Show HN: Panoptisch – A recursive dependency scanner for Python projects

github.com

45 points by r9295 a year ago

Hello all,

Very excited to share this project with you all!

Panoptisch scans your Python file or module to find it's imports (aka dependencies) and recursively does so for all dependencies and sub-dependencies. It then generates a dependency tree in JSON for you to parse and enforce import policies.

Supply chain attacks are no joke, and this is one way to transparently analyze your dependencies to see if any malicious imports are taking place. For example, your yaml parser, nor it's sub-dependencies should import socket, or sys.

Panoptisch is in early stages, with known limitations (for now). I welcome feedback, testing and contributions.

Also, happy to answer any questions!

woodruffw a year ago

First of all: I'm glad that more people are trying to tackle this problem!

That being said, I'm not sure if I would encourage this approach: this conflates modules (a property of the Python language) with dependencies (a thing that maps roughly to packages/distributions, which are a property of Python packaging). The two actually aren't that connected: there's no guaranteed 1-1 (or even 1-N) mapping between a dependency's package name and its importable modules, meaning that knowledge of a malicious package doesn't imply that you can derive how that package's module(s) get imported at runtime.

More perniciously: module names aren't static. It's pretty easy to construct a dynamic module object, or to rename (or alias) an existing module object to avoid this kind of detection.

Finally: walking a project's import tree isn't safe in the general case! Lots of packages have side effects when imported, and malicious dependencies definitely take advantage of that ability. Running this tool might find a malicious import by virtue of actually running malicious code, which isn't ideal.

If your goal is to detect malicious API patterns at runtime (which is effectively what you're doing when you walk the package import tree), I think runtime audit hooks[1] are probably a better fit. Those also aren't foolproof either, but they'll probably be more reliable (and don't require as much context awareness to determine maliciousness).

[1]: https://peps.python.org/pep-0578/

  • maweki a year ago

    > It's pretty easy [...] to avoid this kind of detection.

    And by rice's theorem, it is generally undecidable whether there are hidden modules loaded.

    Static (or in this case maybe not so static) analysis of arbitrary code will never lead to 100% safety. You'll always need some static restrictions on what code you're even allowed to write.

    • janalsncm a year ago

      Coming at this from a naive perspective, do we care if a module is provably, definitely imported? I think for supply chain attacks it should be sufficient to say this module might be imported and deserves attention. I assume Rice’s theorem would also say that even though malicious code is imported it might not run the malicious bits today or on this machine [1]. But that doesn’t mean I’m ok with having it there.

      [1] https://en.m.wikipedia.org/wiki/Stuxnet

      • maweki a year ago

        It's undecidable whether there even is an import of stuff. It's every non-trivial property that's undecidable.

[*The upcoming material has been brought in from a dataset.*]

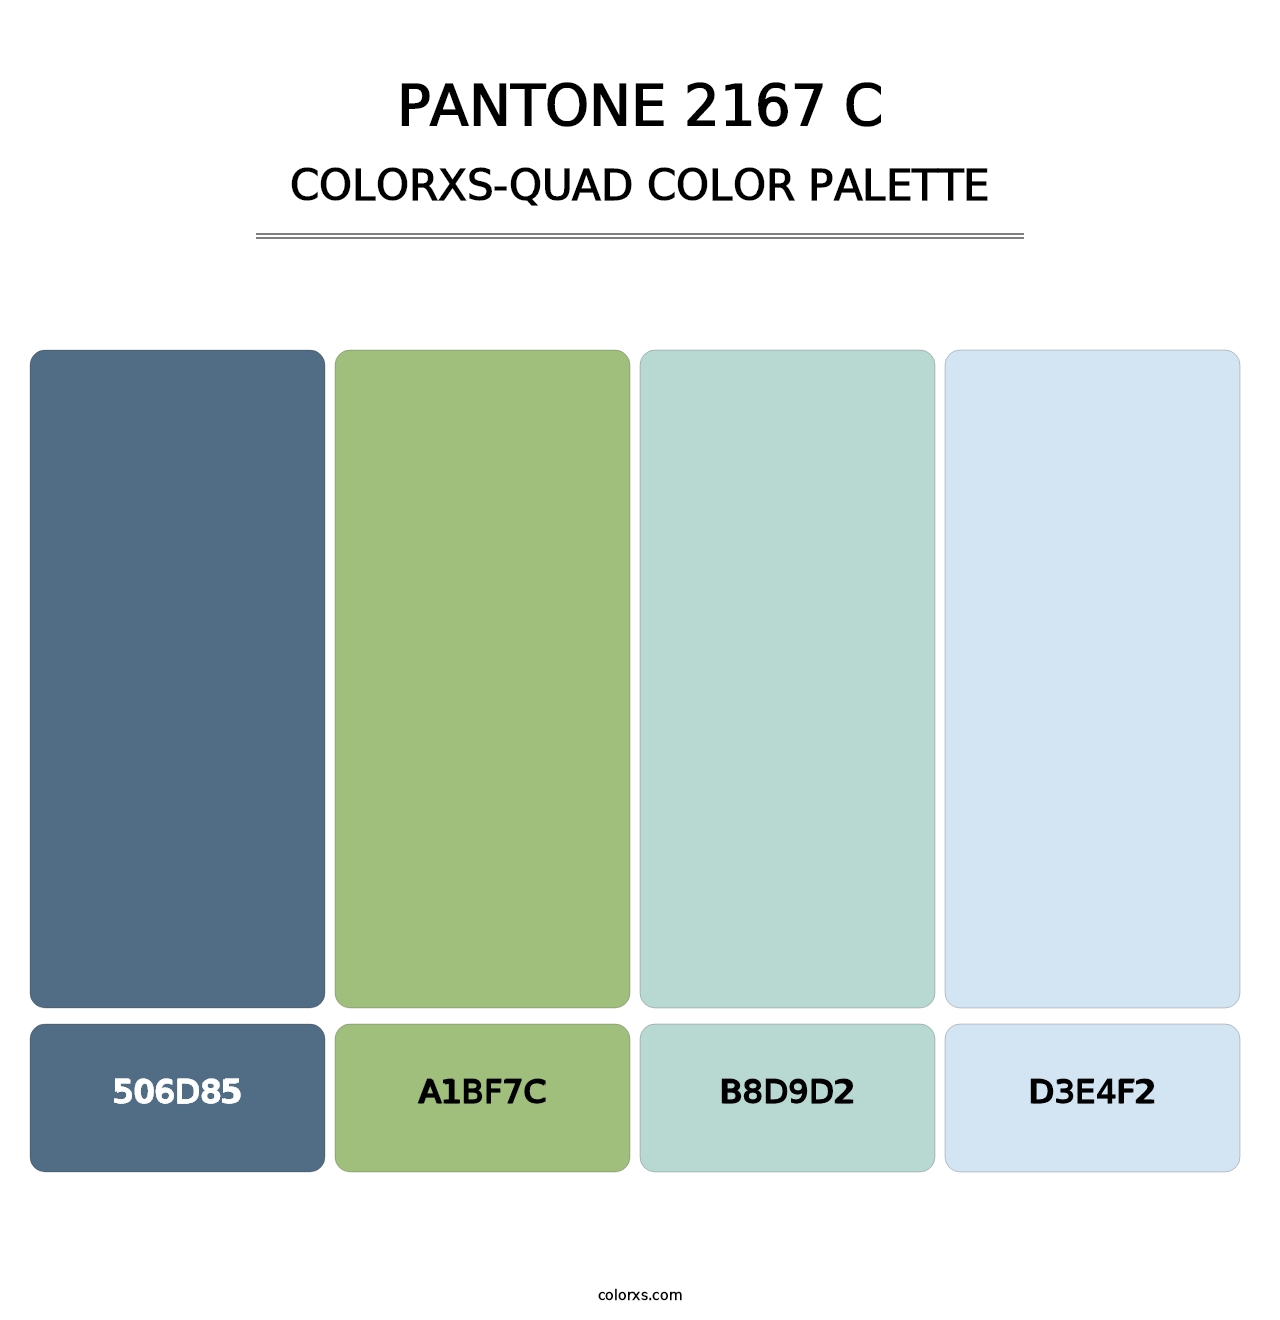 PANTONE 2167 C - Colorxs Quad Palette

        So the question whether a certain line is reached is as undecidable as the question what values can arguments have at that line.

        So it's undecidable whether a dynamic import statement is reached and what its import argument will be. And even if the value is static, then it's undecidable whether the content of the imported module has been just changed.

gegtik a year ago

I've been using pip-compile from https://github.com/jazzband/pip-tools for this use case; a standard project Makefile defines "make update" which pip-compiles the current requirements, and "make install" installs the frozen requirements list.

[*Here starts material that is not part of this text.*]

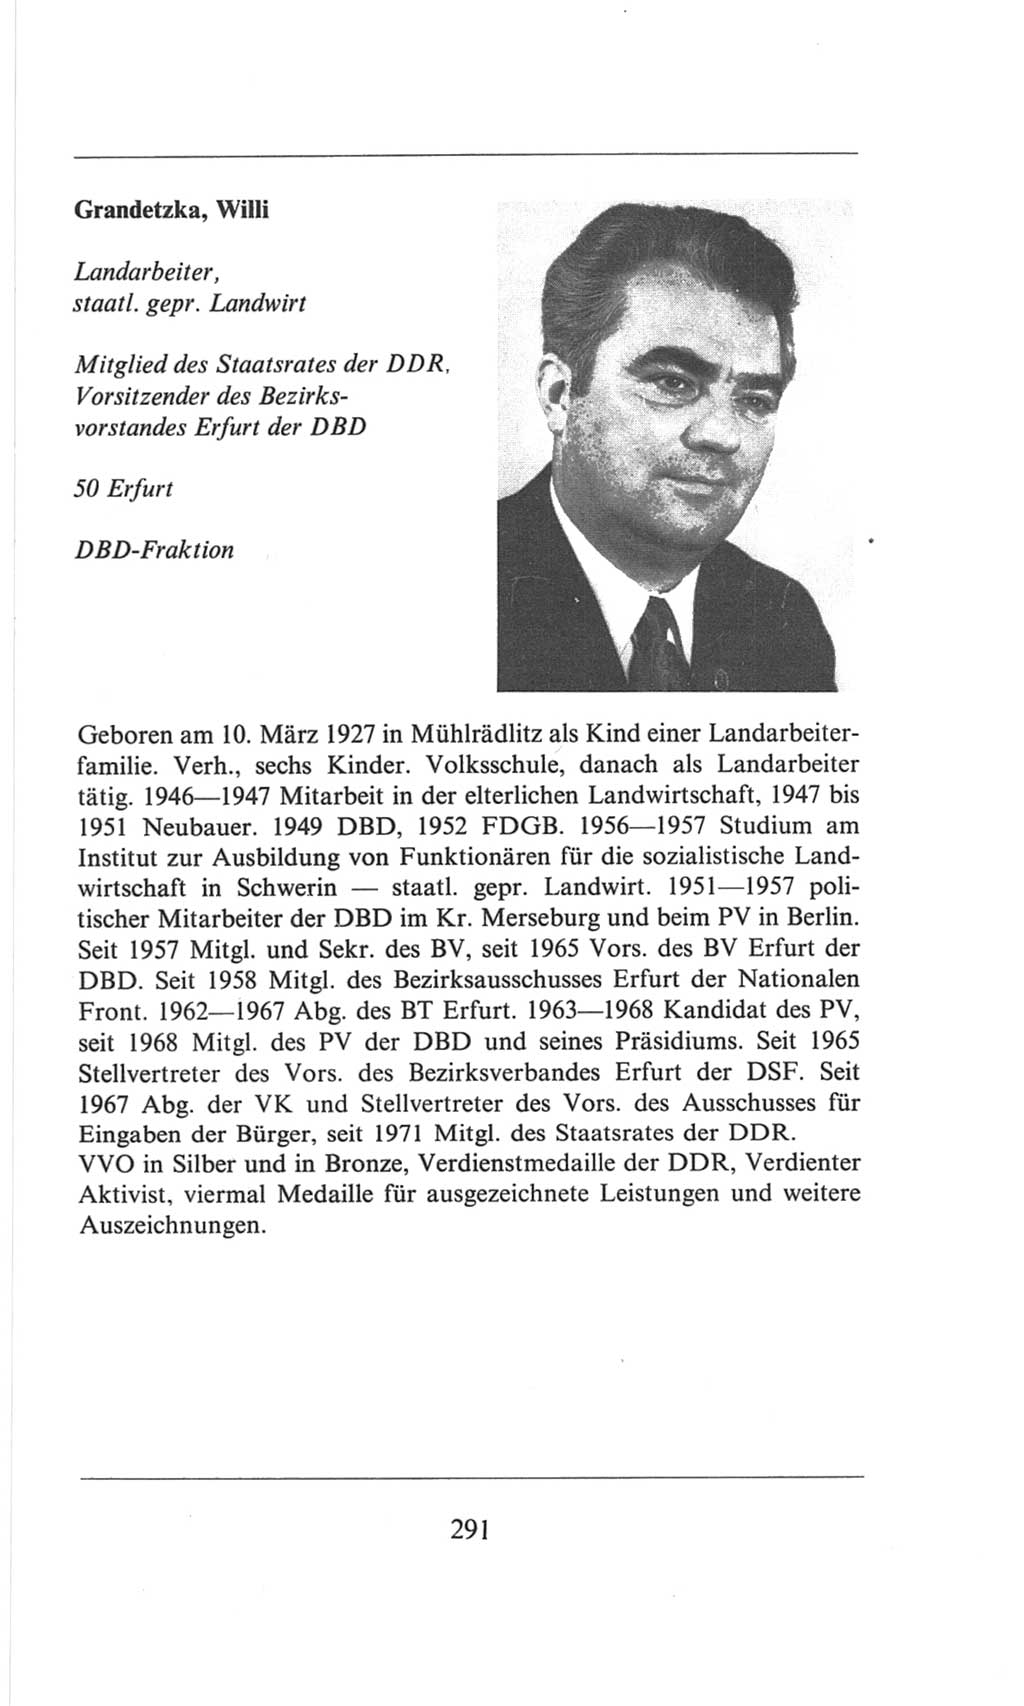 Volkskammer (VK) der Deutschen Demokratischen Republik (DDR), 6. Wahlperiode 1971-1976, Seite 291 (VK. DDR 6. WP. 1971-1976, S. 291)

This way I can install the same bill of materials every time

  • r9295 a year ago

    I think we have different motivations. pip-compile can only fetch and install dependencies which have been declared.

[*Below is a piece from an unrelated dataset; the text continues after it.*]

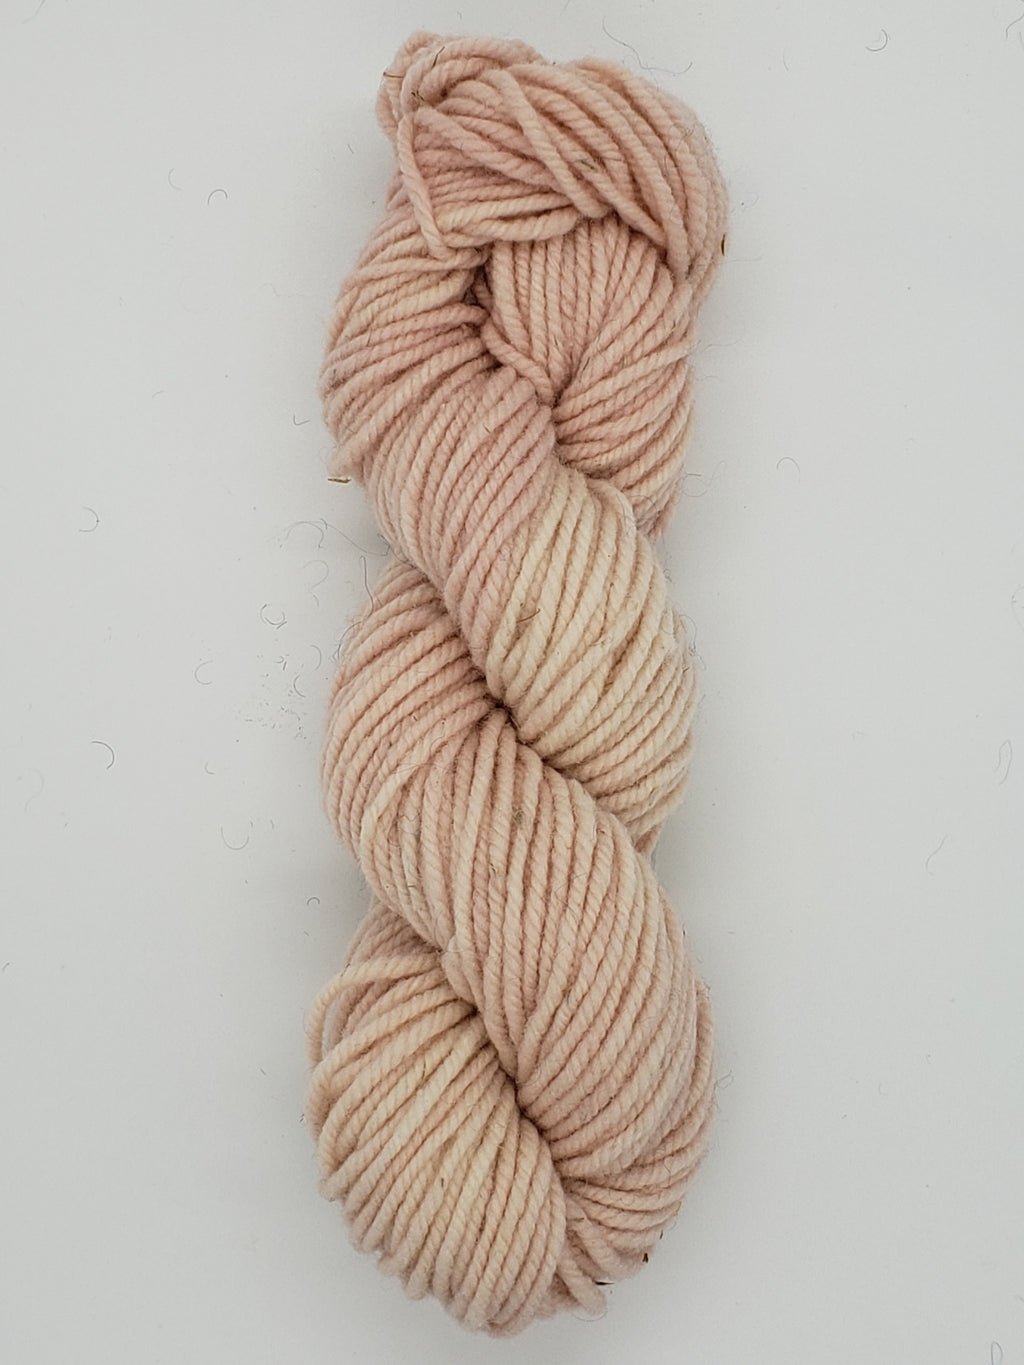 Wonder Woolen - SHELL PINK - Fleece Artist Hand Dyed Yarn - Shades of Light Pink

    For example, let's say I have a malicious yaml parser package. It should not need requests as a dependency. The odds are that a project may have requests already installed as a sub-dependency of another dependency. I can then just try and import requests in a try catch block and if available, and fetch malicious artefacts, for example. Panoptisch would report this.

    Also, the usage of operating system or builtin modules such as socket, sys or importlib is not something which is analyzed by pip-compile.